The alpha UI show the suspended tx reaches 45.46K+...

image

My exploration of the Problem

I debug the alpha in my local env and make the break point according to the error stacktrace. Then I found what cause the probleam.

when alpha found the global tx is timed out, the global tx state will be set to SUSPEND,and will stop the sagaActor.

image

before stopping, it will save the GlobalTransaction to the es. The NPE happens when building the subTransaction.

image

although the global tx is SUSPEND, the sub tx is still active and its endtime is null, and then cause NPE here.

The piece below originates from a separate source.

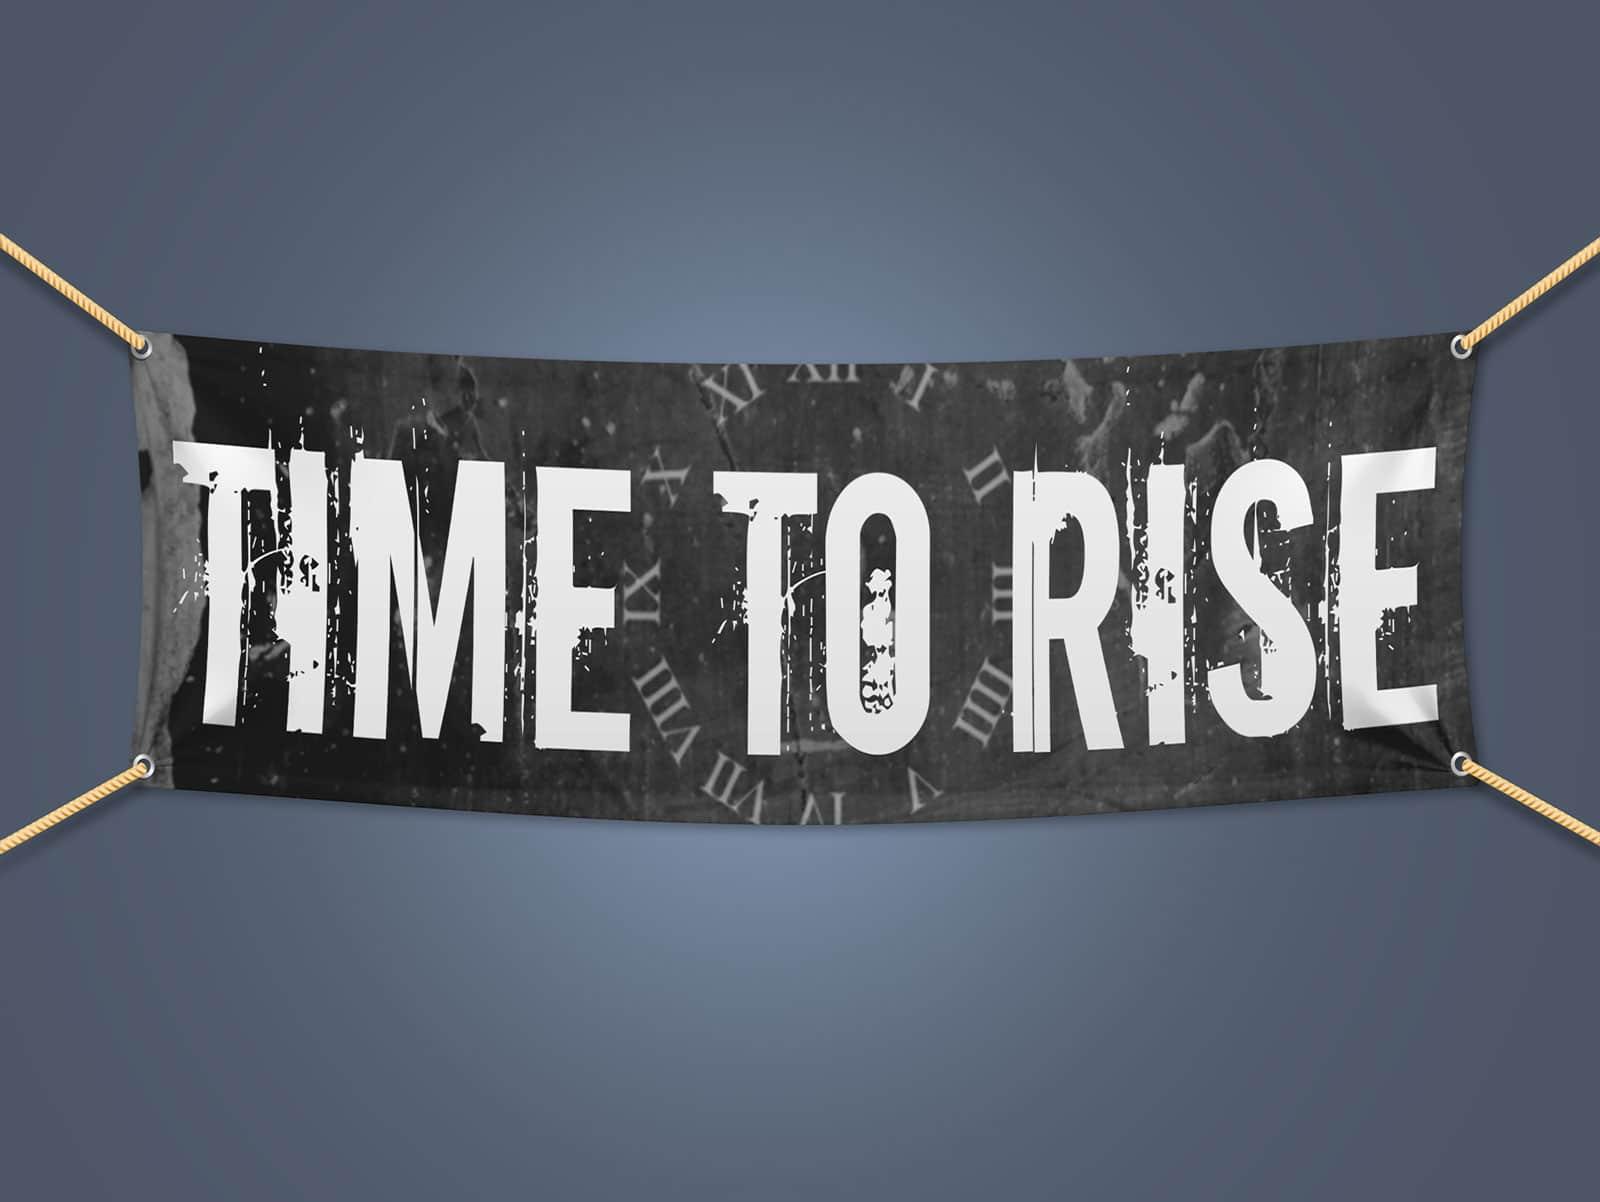 time-to-rise-musikband-nuertingen-kirchheim-banner-liebespixel-print-druck

coolbeevip commented 3 years ago

Thank you, I need some time to deal with this problem

coolbeevip commented 3 years ago

This bug same as the JIRA issue SCB-2004 and has been fixed in #667

Richard-Yi commented 3 years ago

This bug same as the JIRA issue SCB-2004 and has been fixed in #667

sincerely Thanks for the reply. @coolbeevip But sorry, I didn’t figure out that these two are the same problem. Could you please explain more about it. And is the problem fixed in 0.0.7-SNAPSHOT

coolbeevip commented 3 years ago

This bug same as the JIRA issue SCB-2004 and has been fixed in #667

sincerely Thanks for the reply. @coolbeevip But sorry, I didn’t figure out that these two are the same problem. Could you please explain more about it. And is the problem fixed in 0.0.7-SNAPSHOT

You can try build 0.7.0-SNAPSHOT with branch master

Richard-Yi commented 3 years ago

This bug same as the JIRA issue SCB-2004 and has been fixed in #667

sincerely Thanks for the reply. @coolbeevip But sorry, I didn’t figure out that these two are the same problem. Could you please explain more about it. And is the problem fixed in 0.0.7-SNAPSHOT

You can try build 0.7.0-SNAPSHOT with branch master

@coolbeevip well, I tried 0.7.0-SNAPSHOT with branch master, the problem still exists and the exception stack trace is the same.

coolbeevip commented 3 years ago

This bug same as the JIRA issue SCB-2004 and has been fixed in #667

sincerely Thanks for the reply. @coolbeevip But sorry, I didn’t figure out that these two are the same problem. Could you please explain more about it. And is the problem fixed in 0.0.7-SNAPSHOT

You can try build 0.7.0-SNAPSHOT with branch master

@coolbeevip well, I tried 0.7.0-SNAPSHOT with branch master, the problem still exists and the exception stack trace is the same.

Hmm. I recently released docker https://hub.docker.com/repository/docker/coolbeevip/servicecomb-pack/tags?page=1&ordering=last_updated, can you try this again?

docker run \
  -p 8080:8080 \
  -p 8090:8090 \
  -p 5432:5432 \
  coolbeevip/servicecomb-pack:0.7.0-all-in-one